I’ve been slaving in the garden for hours, and Terese’s five-year-old son, Luca, is still squatting barefoot in the dirt beside me—all of his sweaty blond hair making him smell a little like a wet dog. Weaving stubby fingers through the carrot tassels, he plucks out weeds that are taking over this garden as much as the insects buzzing around my head. But every other second, Luca has to look over and stare. He seems to find my annoyance with farm life as entertaining as most city kids would find reality TV.
Slapping a mosquito, I flick it off my leg and snap, “What?”
“Nothin’,” Luca says, dropping eyes and knees to the ground. He begins to weed like his sixth year depends on it. Smart kid.
We weed a row in silence—well, except for my grumbling. Then I slap another mosquito and ask, “Your mom just lets you run around like this?”

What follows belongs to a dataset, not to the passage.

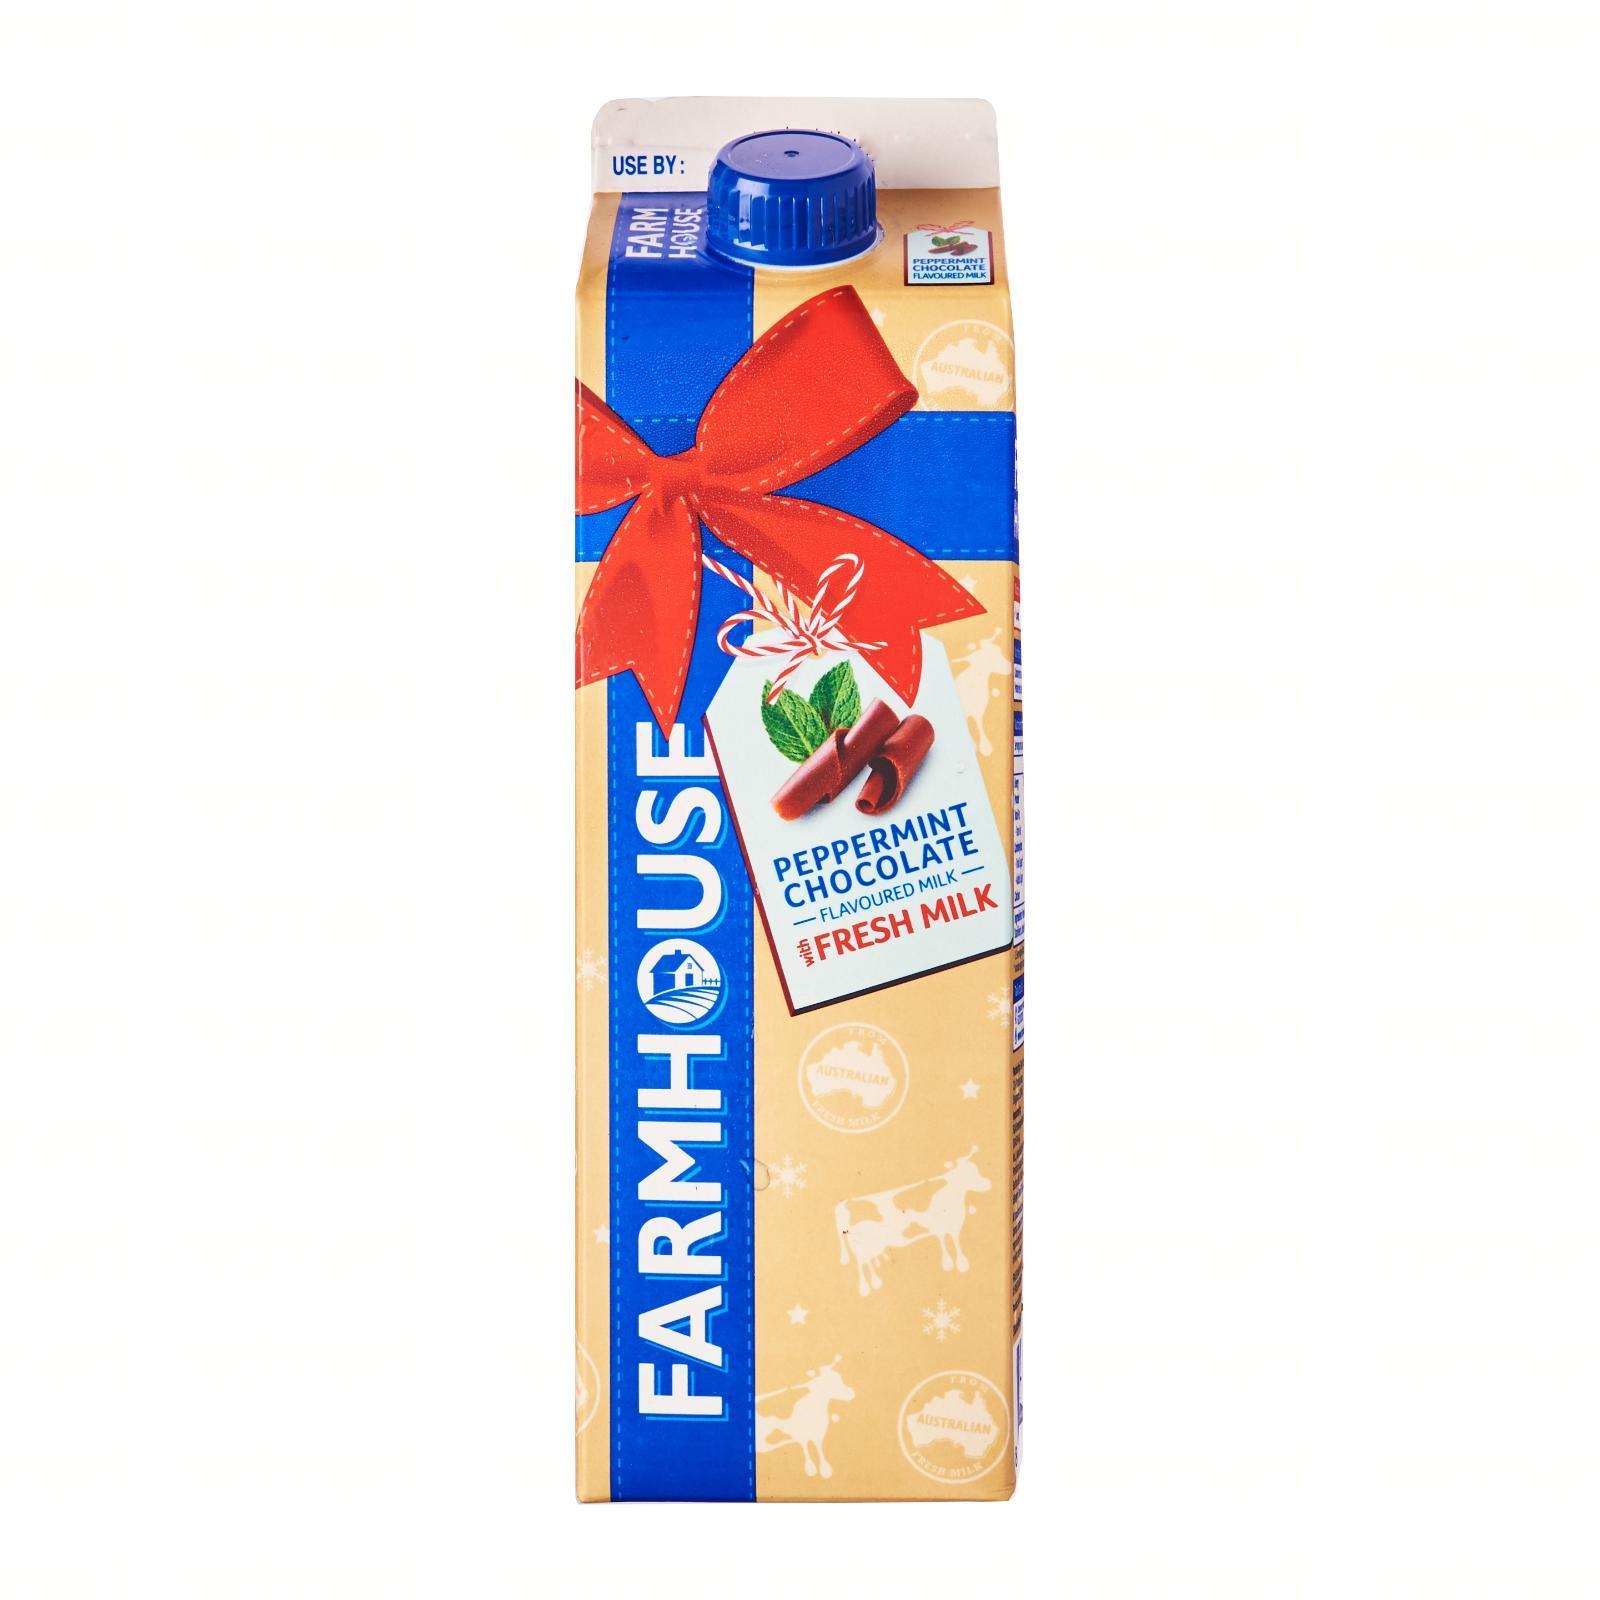 Farmhouse Peppermint Chocolate Flavoured Milk - Christmas Special

“Yeah’um.” Luca smears his forehead with dirt, which doesn’t stand out since he’s already so covered with dust and grime. “She be on kitchen duty.” He shrugs a bony shoulder at the back of the house, covered by a straggly line of cedars. “And she can’t catch me nohow. My brother or sister’s making her toes all swelled up.”

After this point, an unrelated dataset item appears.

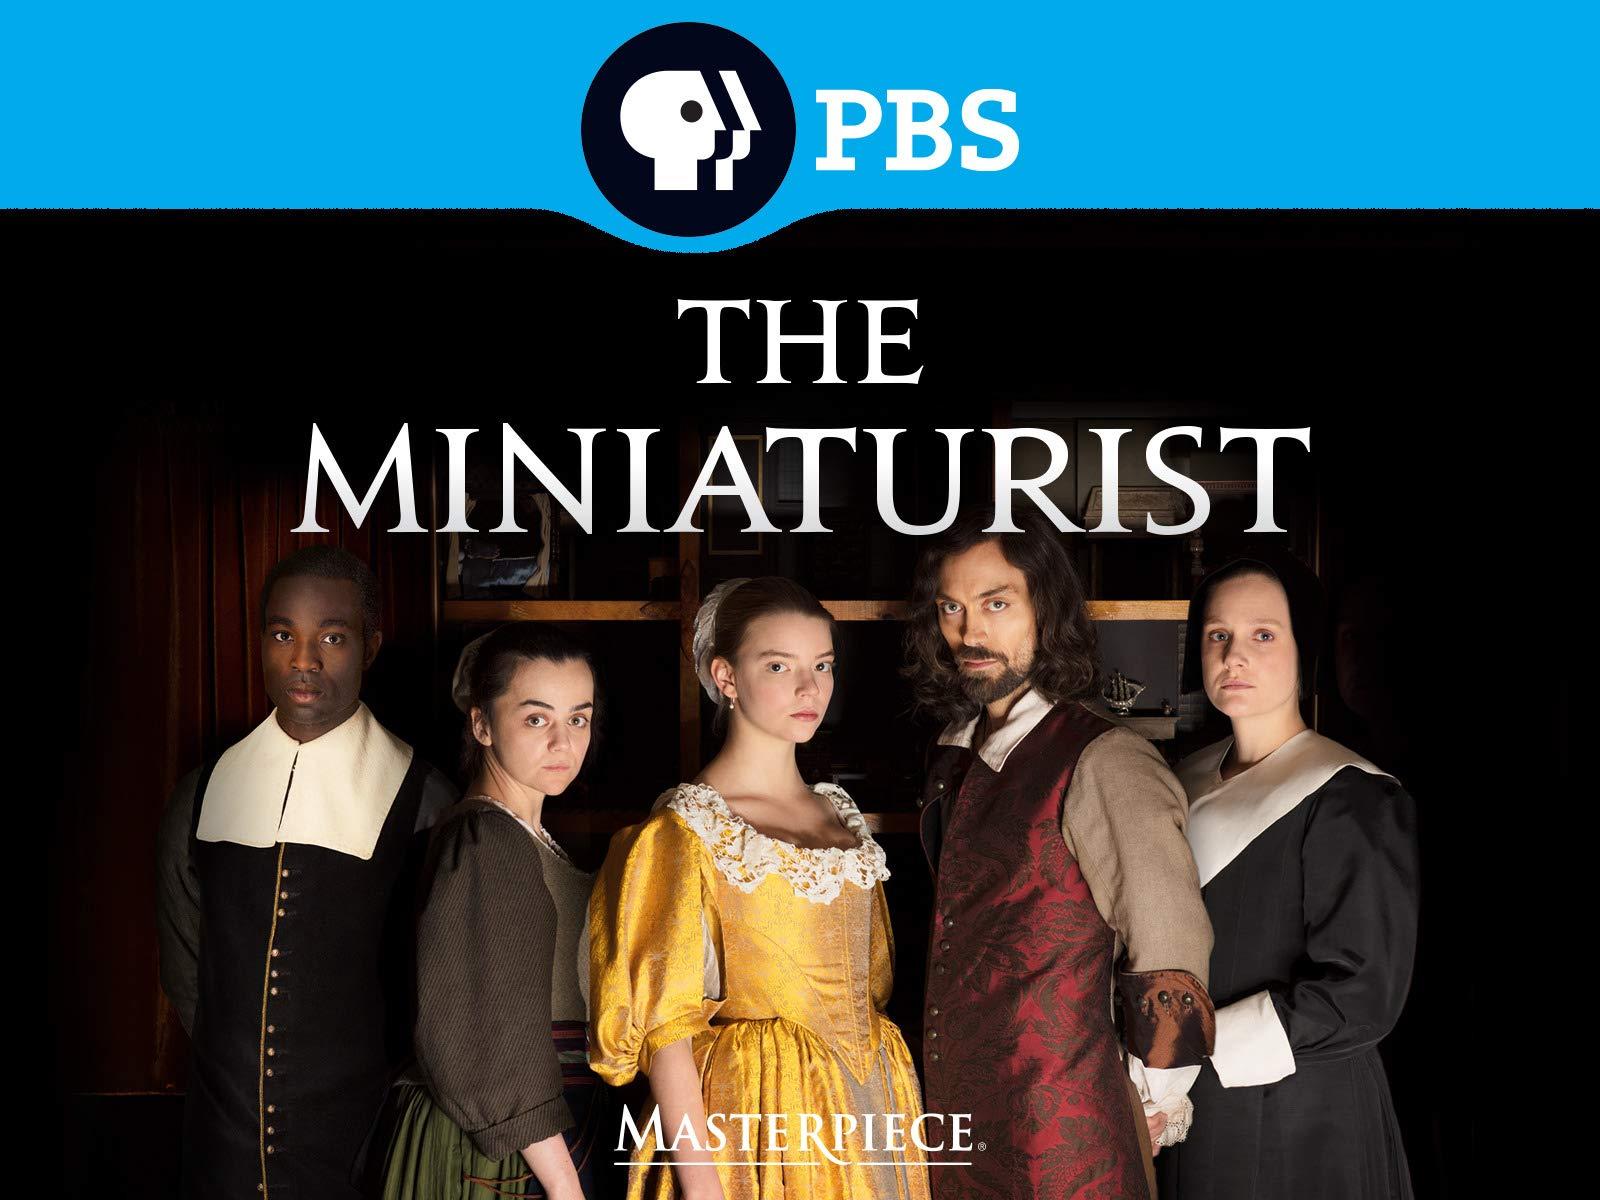 Amazoncom Watch The Miniaturist Season 1 Prime Video

“Well—” I rock back on my sandaled heels and try to think of something smart to tell him—“You should be careful.”
Taking a carrot from his pocket, Luca crunches it in half
.
“What’re you doing!” I scold. “That’s not washed!”
Luca’s sweaty hair swishes like a fringe. His jaws snap shut.
“Spit. It. Out,” I command.
This time, Luca doesn’t even bother shaking his head.
“Whatever, kid. It’s your stomach.” But leaning across the row, I brush carrot pieces off his chest anyway.
“What’re you doing?”
Luca and I both jump at the sound of the deep voice. We step back from each other and turn toward the garden’s gate.
This tall guy, in bare feet and black pants folded up to muscly shins, steps forward. The shadow cast by the brim of his straw hat hides most of his face, but I can see his lips are turned into a frown. “Luca,” he says, snapping his fingers. “Kumm esse.”
I brush my dirty hands off on my shorts. “He’s okay. Really.”
“No.” The hat brim’s shadow shifts, revealing his features, and I watch his dark gaze bounce off my legs and refocus on his feet. “You’ll come now, Luca.”
I’ve not been, like, patient with the kid myself, but his tone gets to me. “What’s it to you?”
The guy lifts his eyes and stares like he’s looking right through me. Then he snaps his fingers again. Five-year-old Luca throws me a grin before running after the arrogant stranger, who doesn’t even look over his shoulder to see if the boy is following.